Proteins are built from 20 different amino acids, chained together in various combinations. In mRNA, every three letters corresponds to a specific amino acid. These three-letter combinations are called "codons", the genetic equivalent of words. For example, the codon CCC (three cytosines in a row) corresponds to the amino acid proline, while AAA (three alanines) corresponds to lysine. And some codons act as full-stops, indicating that the amino acid chain has come to an end.
This genetic code is almost universal. The same codons almost always match up to the same amino acids in tiny bacteria, tall trees and thoughtful humans. There are a few deviations from the universal template, but even then, the differences are relatively minor. Think about computer keyboards - almost all have the same configuration of keys for various letters and symbols, but some will have the @ key in a different place.
The genetic code is redundant, so that several codons represent the same single amino acid, but there are no ambiguities. There are no examples of a single codon within any genome that represents more than one amino acid. That is, until now.
The Euplotes crassus Code
Anton Turanov, Alexey Lubanov and Vladimir Gladyshev from the University of Nebraska have discovered that in Euplotes crassus, the UGA codon can mean either cysteine or selenocysteine, depending on its location in the gene.
In the universal code, UGA is a stop signal but many species use it to signify selenocysteine, an amino acid that isn't represented in the universal code. This alternative translation of UGA into selenocysteine hinges on a structure called a SECIS element. The SECIS is part of the mRNA molecule itself but sits outside the region that actually codes for amino acids. It's like a genetic Shift key - its presence changes the meaning of UGA codons that sit before it.
What makes E.crassus unique is the fact that its UGA codons can mean either selenocysteine or cysteine - a choice between two amino acids rather than one amino acid and a stop signal.
Turanov and Lubanov analysed the microbe's tRNAs -molecules with one end that recognises a specific codon and another that sticks to its corresponding amino acid. These are the decoders that translate strings of codons into strings of amino acids. It turned out that E.crassus has different tRNAs that recognise UGA - one of these matches the codon with cysteine and another matches it with selenocysteine.

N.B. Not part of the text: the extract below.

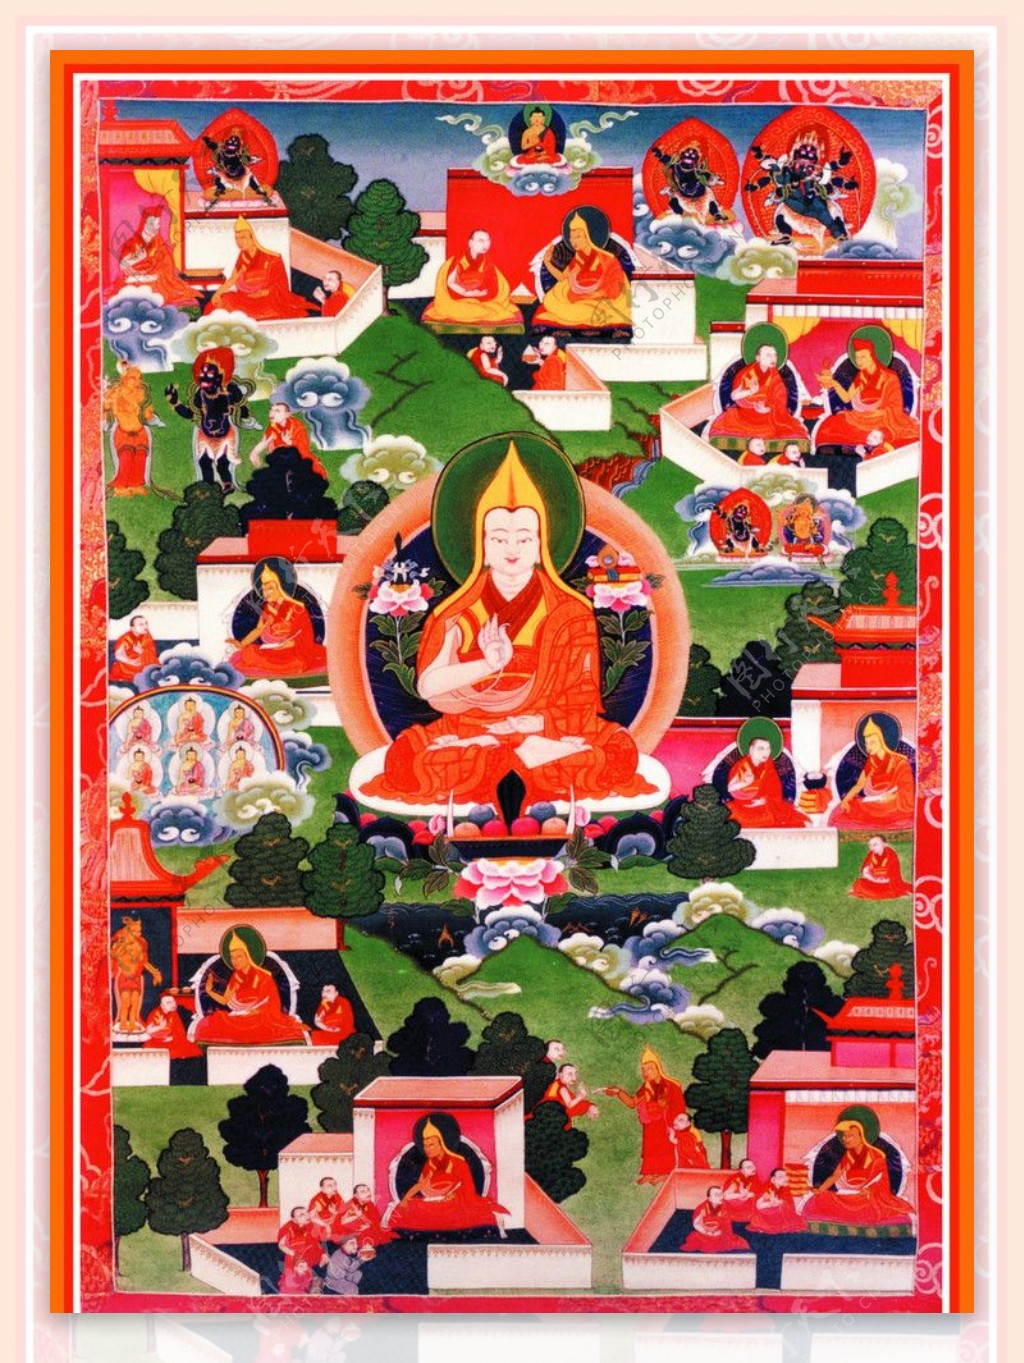 西藏日喀则唐卡佛教佛法佛经佛龛唐卡全大藏族文化09图片

Turanov and Lubanov also purified a protein from E.crassus called Tr1. Its RNA has a SECIS element and five UGA codons, and the duo found that the first four of these are translated into cysteines and the fifth into selenocysteine. Location is all-important when it comes to working out which interpretation comes out top. When Turanov and Lubanov added lots of UGA codons at sites throughout the TR1 gene, they found the vast majority were translated into cysteines. Only those inserted at the end of the gene, within its final 20 codons and near the SECIS element, were interpreted as selenocysteines.
So the SECIS element, in its Shift-key role, affects the fate of nearby UGAs. To confirm that, Turanov and Lubanov replaced the entire SECIS element in the TR1 gene with an equivalent element from a different gene and a different species. They found that this new SECIS element had a wider zone of influence; when it was introduced, UGA codons that sat outside the final 20 were translated into selenocysteines instead of cysteines.
So in E.crassus, the UGA codon is not tied to a single fate - it has a choice. It can be interpreted in two different ways, depending on its location and that of the SECIS element that influences it. One codon, two amino acids - it's a unique set-up and further proof that the genetic code, universal though it almost is, is open to expansion and evolutionary change.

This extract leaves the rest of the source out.